BRATISLAVA: Slovak Prime Minister Robert Fico’s condition was on Friday “still very serious” two days after an attempted assassination, his deputy and close ally said, as police raided the suspect’s home.
Fico was hospitalized after the shooting on Wednesday, which happened as the 59-year-old leader was speaking to members of the public after a meeting in the central town of Handlova.
“He was operated on again, he had an almost two-hour-long operation,” deputy prime minister Robert Kalinak told reporters outside the hospital in Banska Bystrica.
Fico had previously undergone a five-hour-long surgery, shortly after being airlifted from the scene of the attack on Wednesday.
“His state is still very serious. I think it would take a couple of days to see the course of the development of his state,” Kalinak added on Friday.
The Banska Bystrica hospital director said Fico remained “conscious” despite being in a “serious” condition.
Earlier on Friday, local media reported that Slovak police had searched the home of the man charged with the shooting.
Officers brought along the alleged gunman, who was wearing a bulletproof vest and helmet, to the apartment he shared with his wife in the western town of Levice, Markiza TV footage showed.
“Police stayed in the apartment for several hours... They took the computer and documents out of the apartment,” the private broadcaster said.
Police, who told AFP they would not comment on an ongoing investigation, have not named the suspect but media have identified him as 71-year-old writer Juraj Cintula.
He was charged on Thursday with attempted murder with premeditation in what the authorities have called a politically motivated attack.

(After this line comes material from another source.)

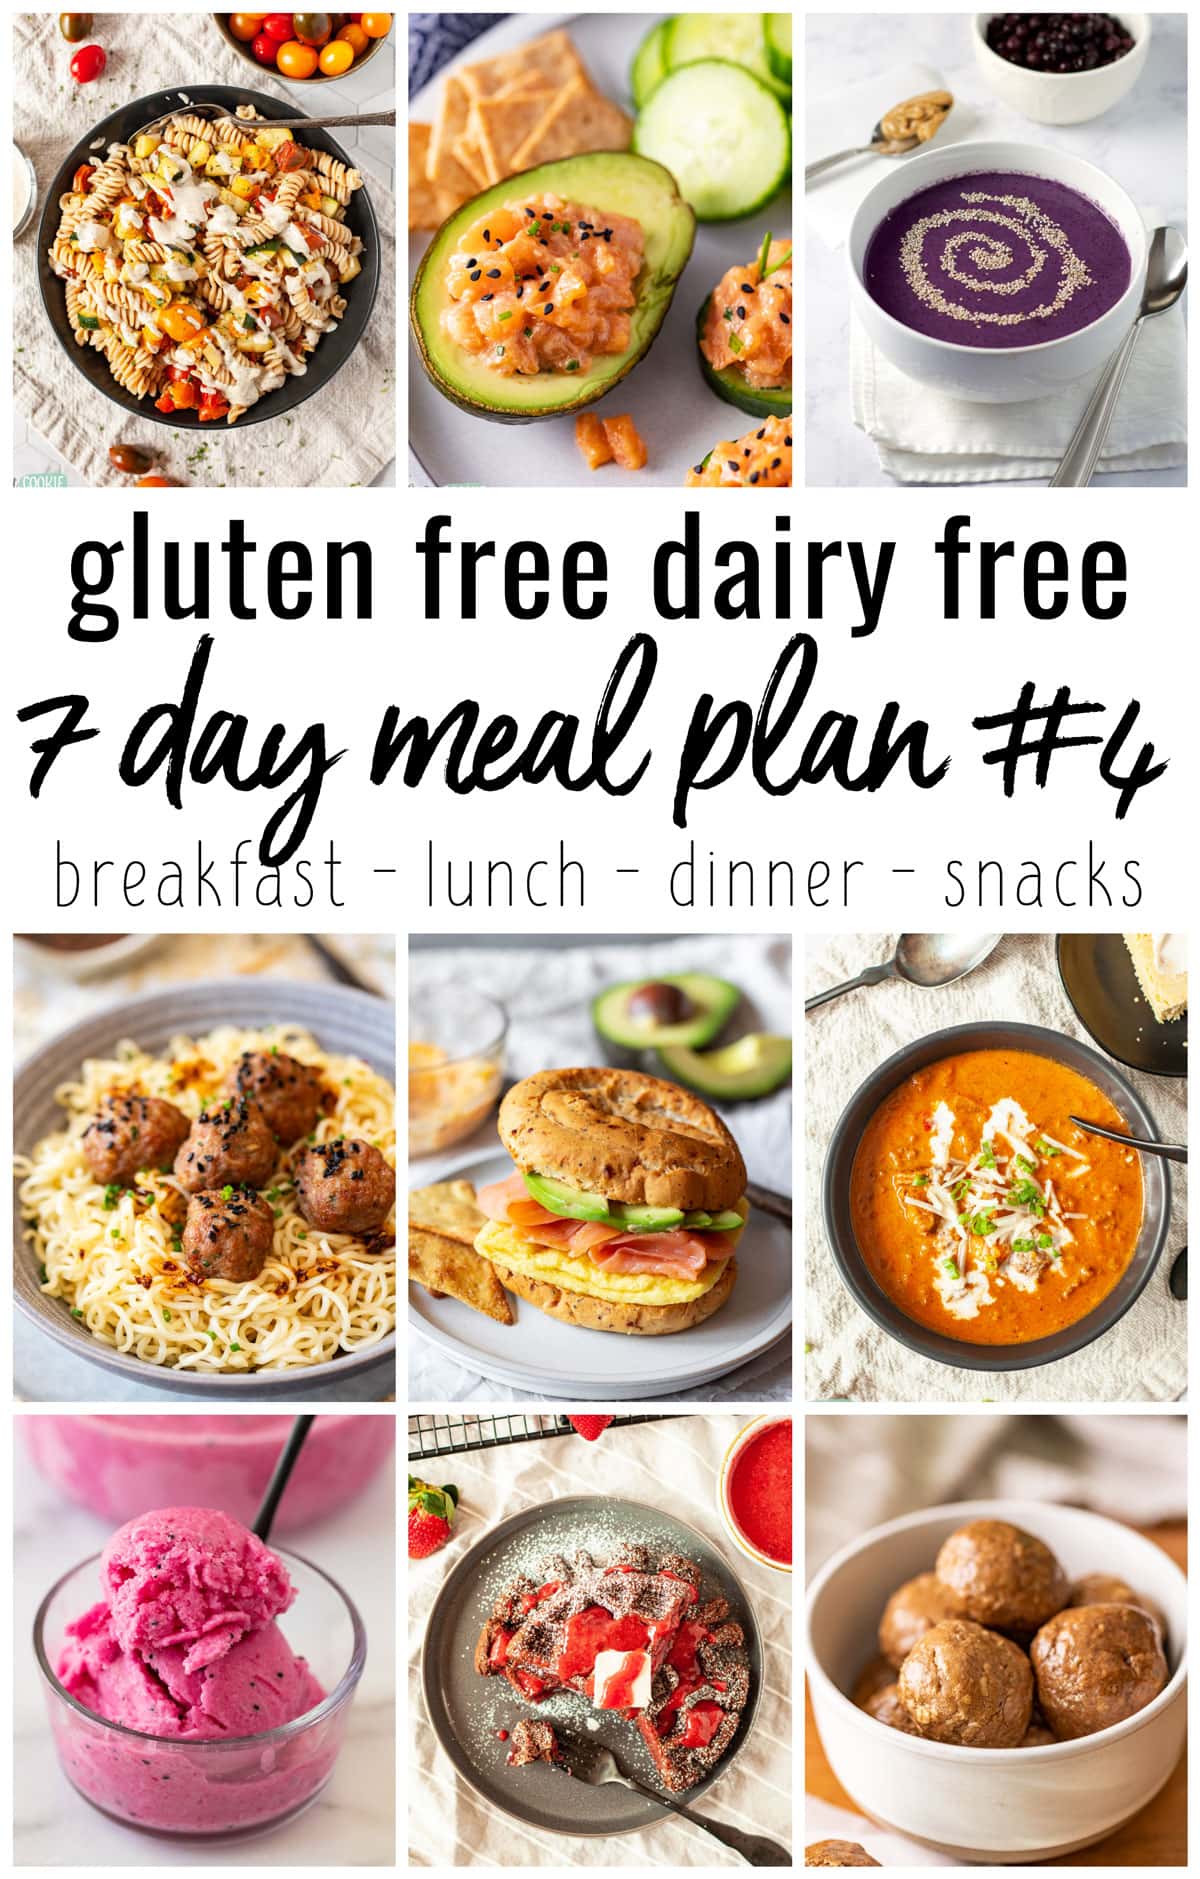 Gluten free 7 day meal plan.

“This is a lone wolf whose actions were accelerated after the presidential election since he was dissatisfied with its outcome,” Interior Minister Matus Sutaj Estok said.

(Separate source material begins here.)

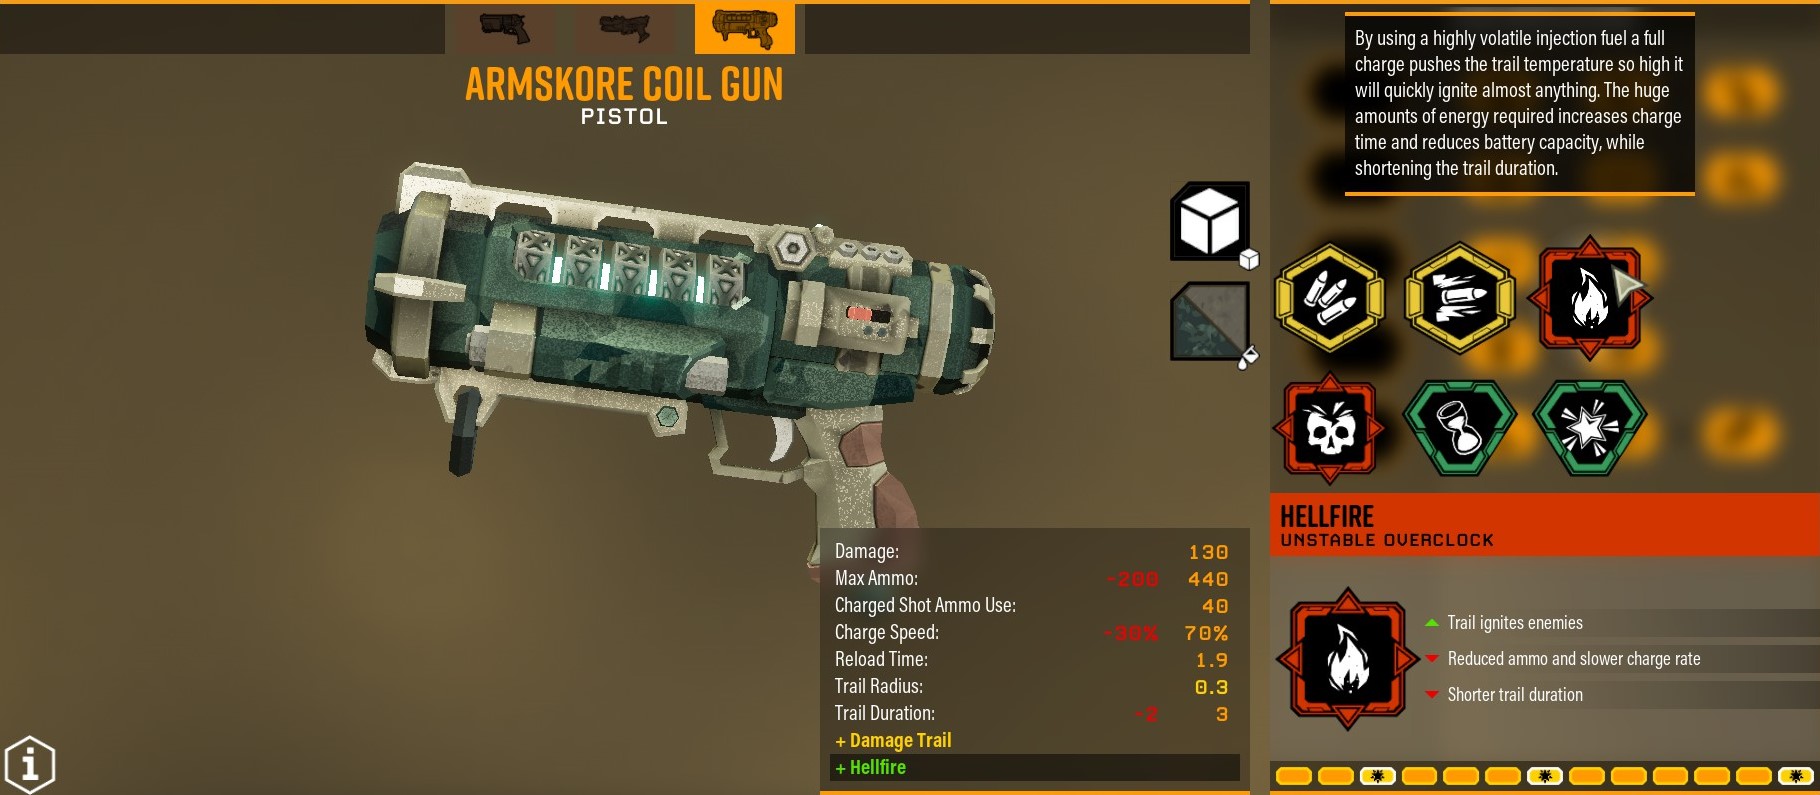 Hellfire Overclock for the ArmsKore Coil Gun

The attack has stoked fears of further violence and instability in the politically polarized nation, just weeks before European Parliament elections.

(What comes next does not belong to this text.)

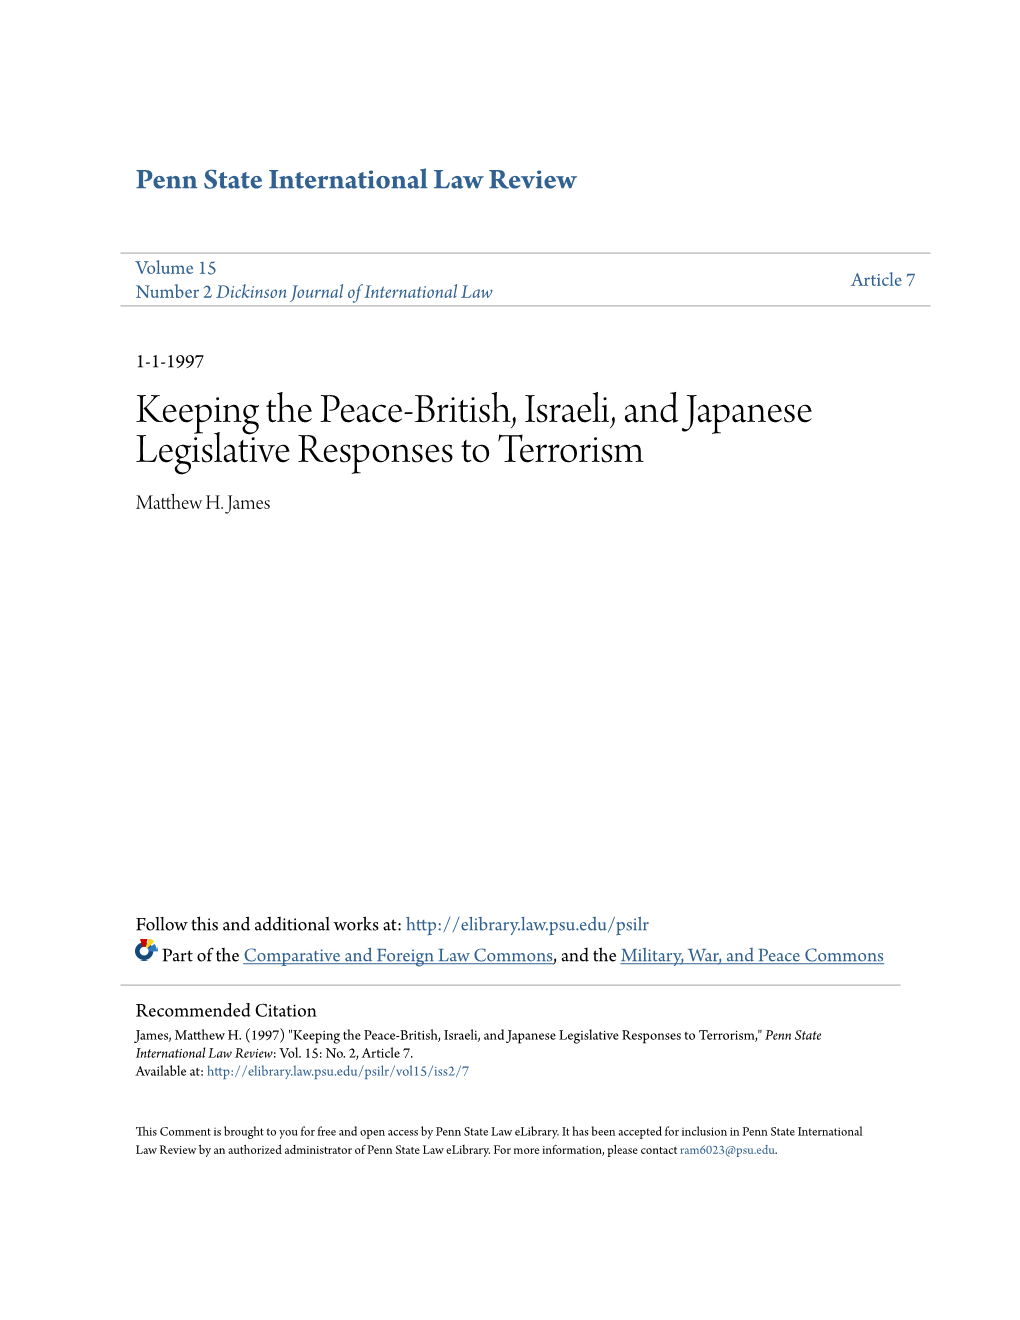 Keeping the Peace-British, Israeli, and Japanese Legislative Responses to Terrorism Matthew H

Officials drew a link to the political situation in the country, with its political scene marred by disinformation and attacks on social media during recent election campaigns.
Slovak president-elect Peter Pellegrini, who won an election in April, on Wednesday urged the political parties to suspend or reduce campaigning before the EU vote.
The biggest opposition party, centrist Progressive Slovakia, and others announced that they had done so.
Fico, a four-time premier and political veteran, returned to office in October.
Since then, he has made a string of remarks that have soured ties between Slovakia and neighboring Ukraine after he questioned the country’s sovereignty.
After he was elected, Slovakia stopped sending weapons to Ukraine, invaded by Russia in 2022.